Jonathan T. Reynolds - 3/9/2005

Go Hugo! Go Hugo! Go Hugo!

I, too, often feel that calls for "innovative teaching" are often misguided or misplaced. For far too many instructors, using bells & whistles is just a crutch.

When it comes down to it, what students are paying for is interaction with a Professor. Not a powerpoint slideshow, not a video, not group work with other students. They can get all that far cheaper and somewhere other than a University.

I myself, however, prefer discussion to lecture. If a lecture is good enough, it deserves to be written down, and students can then get it on their own. I think the classroom is for what can't be done elsewhere... face to face give & take driven & moderated by somebody who is an expert on the subject.


Oscar Chamberlain - 3/9/2005

I like PowerPoint to show pictures. That's because slide projectors always intimidated me. They jammed even before I touched them. PP's also a handy form of storage, as there is a place you can put bibliographic information.

For the Depression I worked out a PP "mood presentation" Roughly three minutes worth of pictures concerning the Great Depression with "Brother can You Spare a Dime" in the background. That was inspired by another colleague's truly wonderful and truly terrifying montage on lynching in the South with "Strange Fruit" in the background.

However, the vast majority of the time I lecture, and use the classroom projector for nothing more than to show an outline (in Word), maps, useful web sites, and various pictures.


Sherman Jay Dorn - 3/9/2005

I'd encourage you by referring you to the Edward Tufte essay about the evils of Power Point, but you'd have to get that via the Internet. :-)

Yes, there are silly exhortations to faculty to use technology simply for the sake of using technology. I use more than you do, but I try to match the tools to the job. Your and my decisions about what are important come first.
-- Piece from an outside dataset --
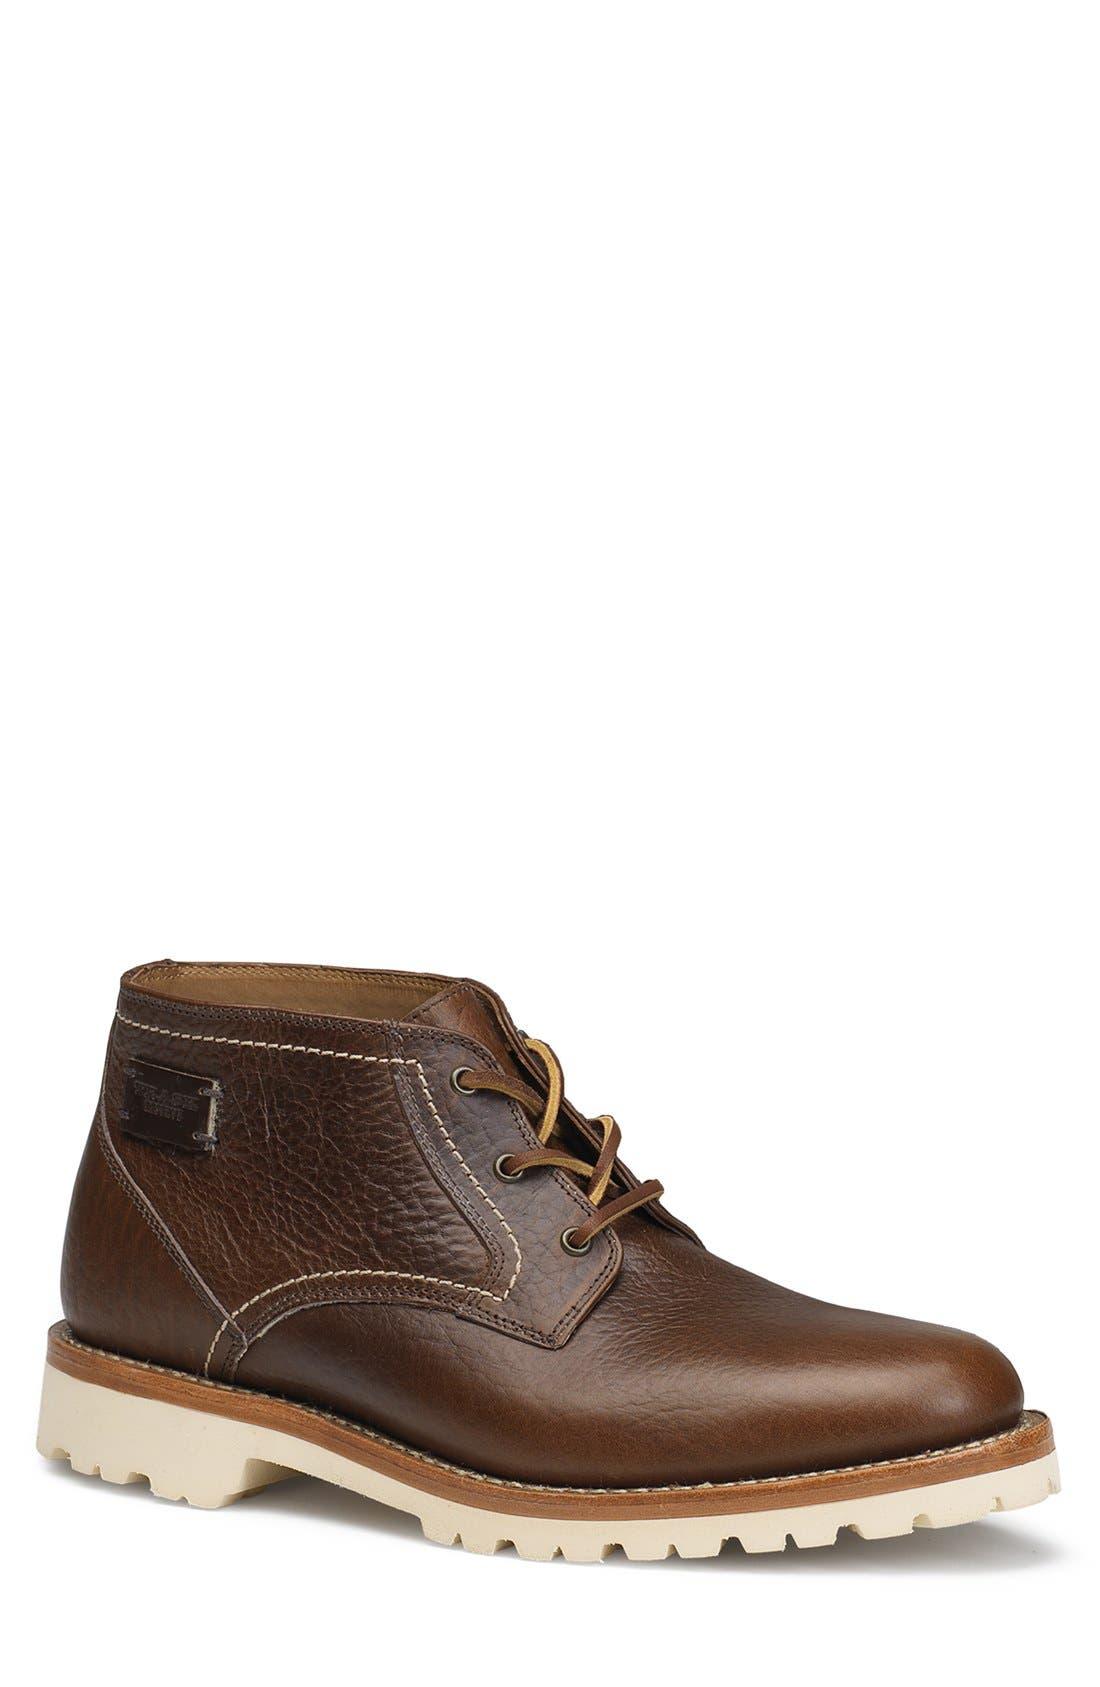 Alternate Image 1 Selected - Trask 'Bighorn' Plain Toe Boot (Men)
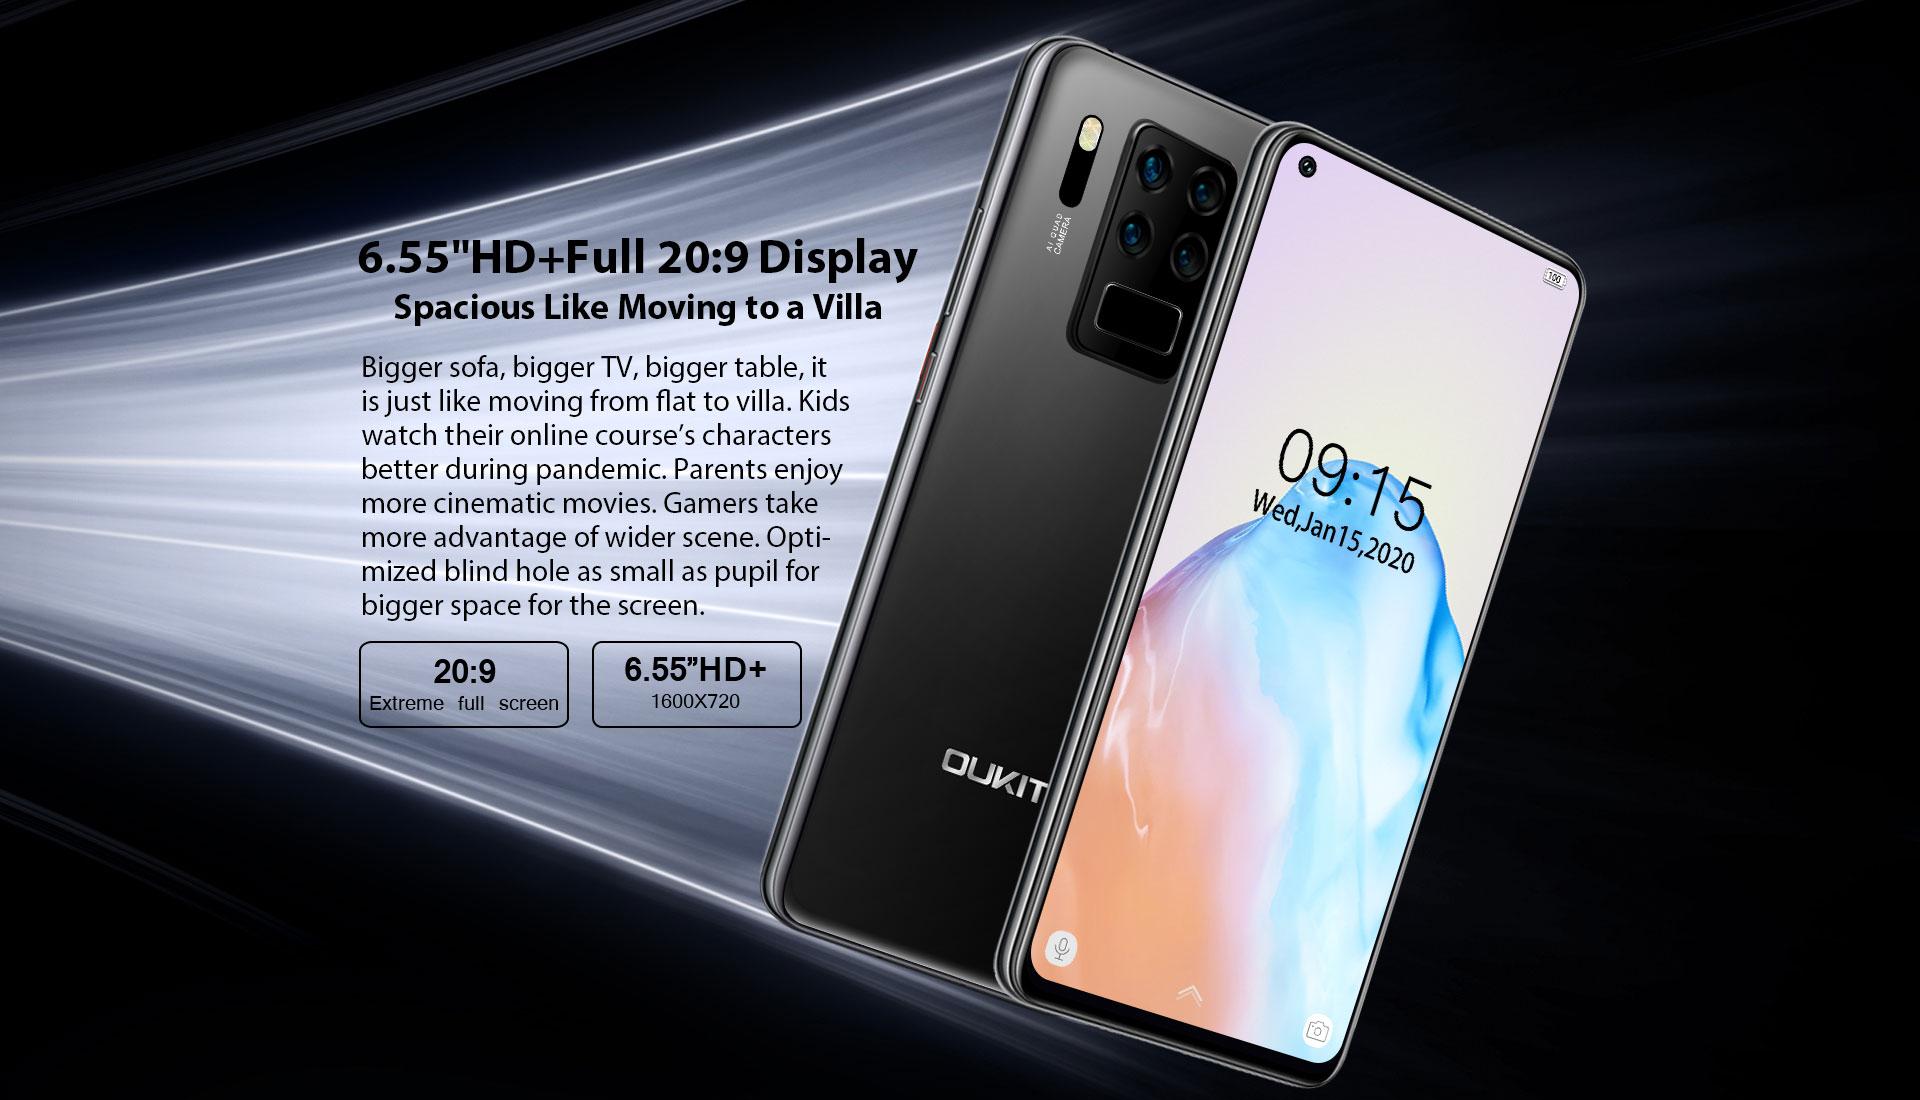 c18-pro-display.jpg

Derek Charles Catsam - 3/9/2005

Hugo --
Two issues stand out for me -- one, thank you so much for saying what almost all of us know -- that for effectiveness, many of us will take a great lecture over most any other teaching style.
Two -- and I cannot say this ardently enough: I have never seen a Powerpoint presentation that was not more of a distraction than an addition. Sometimes students do not realize that they are being distracted, but in any case, I see a whole lot more fumbling or reliance on the technology when Powerpoint comes out than I do actual teaching.
This all is part of the wretched "student as consumer" mindset that pervades academia. Ugh.
dc


Richard Henry Morgan - 3/8/2005

You will find some in Ed.D's in Curriculum and Instruction who go off the deep end, and trash the lecture method. You will also find many who will say it has great value as method in the right circumstances -- not all circumstances demand a lecture format, nor preclude it.

You'll also find some people who have gone off the deep end on whole-language reading instruction. For some reason, the education field has few defenses against fashion, and is little wedded to empiricism (it has its share of ideologues, and more than its share of badly designed studies, which sprout badly designed reform movements).

My experience is that those with an EdD in Measurement and Testing tend to be bright and well-informed, and thoroughly empirical. You might want to look there -- they may not be many, but you can find your lovely, thoughtful, and interesting people there if you look.


Hugo Schwyzer - 3/8/2005

As an evangelical, Michael, I have no such problem being unfashionable in exactly that way.


Jason Nelson - 3/8/2005

I loved this post, for what its worth, good stuff.


Michael Meo - 3/8/2005

It is an interesting aside that our profession orginated -- pardon the reference, but it seems fitting in responding to such a self-conscious traditionalist -- in the preparation of clergymen.

And along those lines it is expected in the ministry that the course of preparation should include just what you suggest -- advice on how to speak persuasively before a group, how to build to a conclusion, how to add rhetorical tools to your repertoire.

The problem lies perhaps in the unfashionableness of seeing ourselves as winning souls.